In the 1960s and 1970s, Maurice Fievet was back to field work in Africa, this time with his soon-to-be second wife, Monique Dumonté, with whom he authored the book Tesouro Selvagem de Mocambique ( Lisbon, Editions BNU, 1973). It seems that Monique Dumonté worked with the couple Maurice-Jeannette, since she was the sound engineer for their documentary film Francis aux Paradis perdus Carrefour de Savane” (ORTF, 1972).

 

1) At work in the 1960s. 2) With wife Jeannette, date unknown.

 

1) At work in the 1960s. 2) With wife Jeannette, date unknown.

1) At work in the 1960s. 2) With wife Jeannette, date unknown.

 

Yasovarman I atop the sacred mountain” by Maurice Fievet (one of the illustrations in National Geographic, April 1960).

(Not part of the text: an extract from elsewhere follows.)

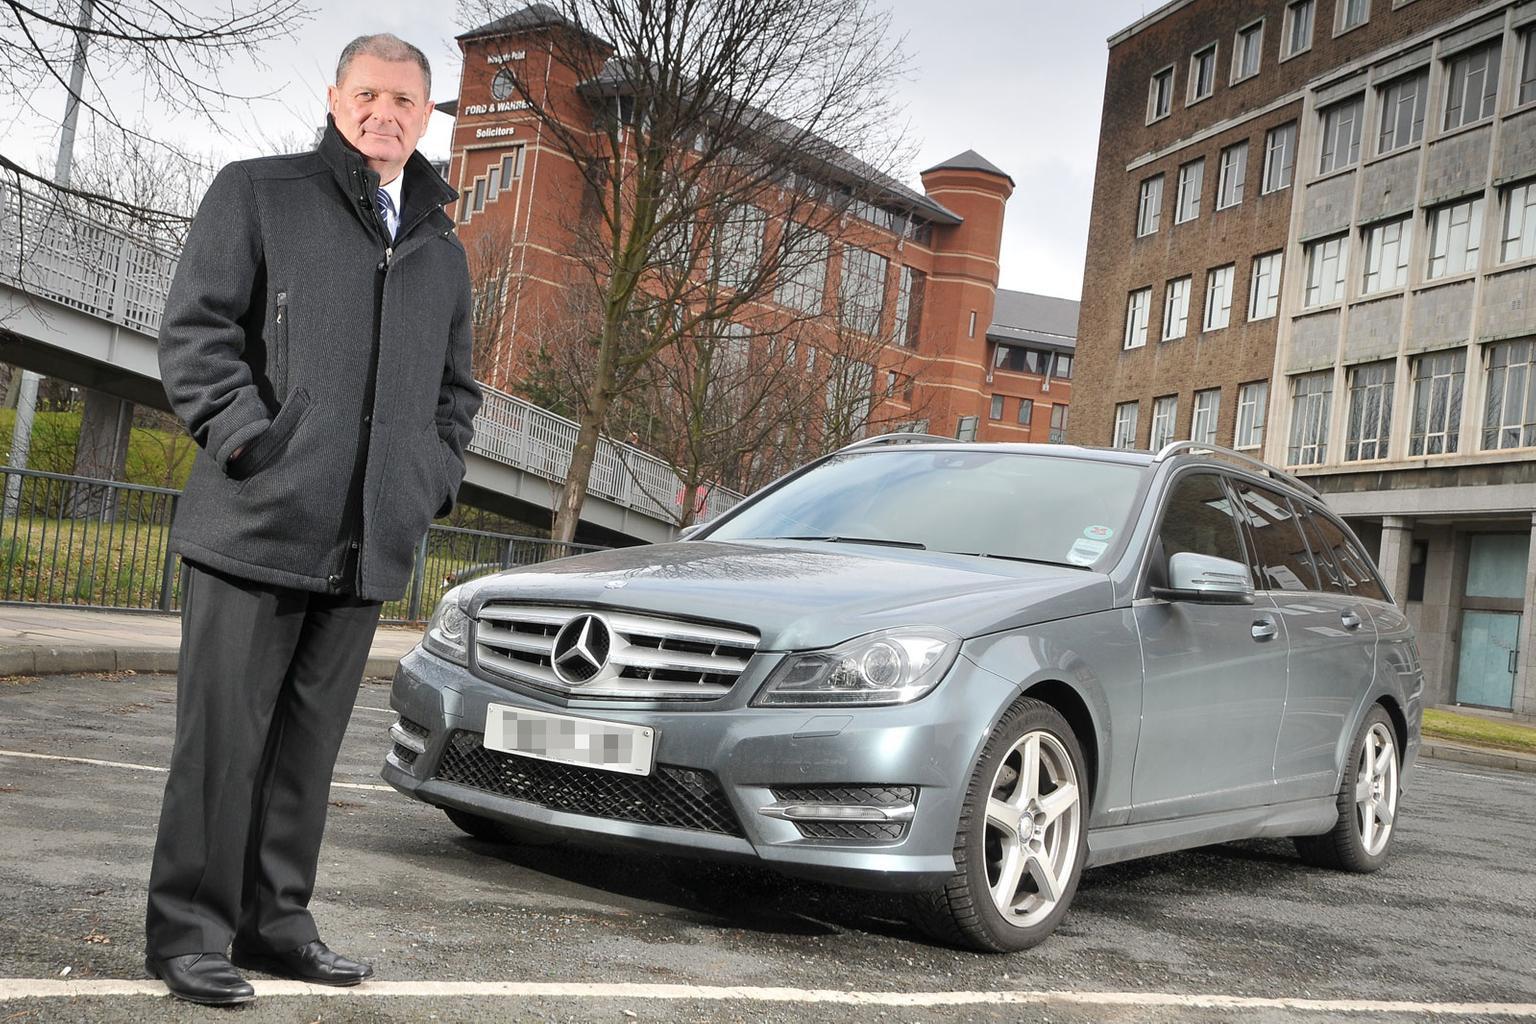 Mercedes-Benz C-Class Estate engine failure

Yasovarman I atop the sacred mountain” by Maurice Fievet (one of the illustrations in National Geographic, April 1960).

Trivia

  • Emilio Salgari’s La città del Re lebbroso (2018, Landscape Books) has a painting by Fievet as front cover.
  • In Bush Boy, a short possibly shot by Jeannette in the late 1960s, we see the explorer, along with their son and African teens, painting their truck with black stripes in order to quietly approach quietly a herd of zebras in the Serengiti plains (Tanzania). The voice-over comments were read by Maurice in a French-accented English. 
  • M. Bolton, genealogist in Montana, USA, has found the following photo of Maurice Fievet from his young years in Montana.
  • With second wife Monique Dumonté [and Joan Embery, Norman Siderow & Bob Barron], Fievet co-authored Animals of Africa, a VHS video released by Celebrity Home Entertainment in 1987.
  • Cambodian architect Dy Proeung, author of famous small-scale concrete models of Angkorian temples, painted in his later years several renditions of Fievet’s views of Ancient Angkor. 
 

1) A family photo in Montana, Maurice at far left [source: M. Bolton]. 2) The zebra truck, with Fievet and his son on the far right [screenshot from Bush Boy].

 

1) A family photo in Montana, Maurice at far left [source: M. Bolton]. 2) The zebra truck, with Fievet and his son on the far right [screenshot from Bush Boy].

1) A family photo in Montana, Maurice at far left [source: M. Bolton]. 2) The zebra truck, with Fievet and his son on the far right [screenshot from Bush Boy].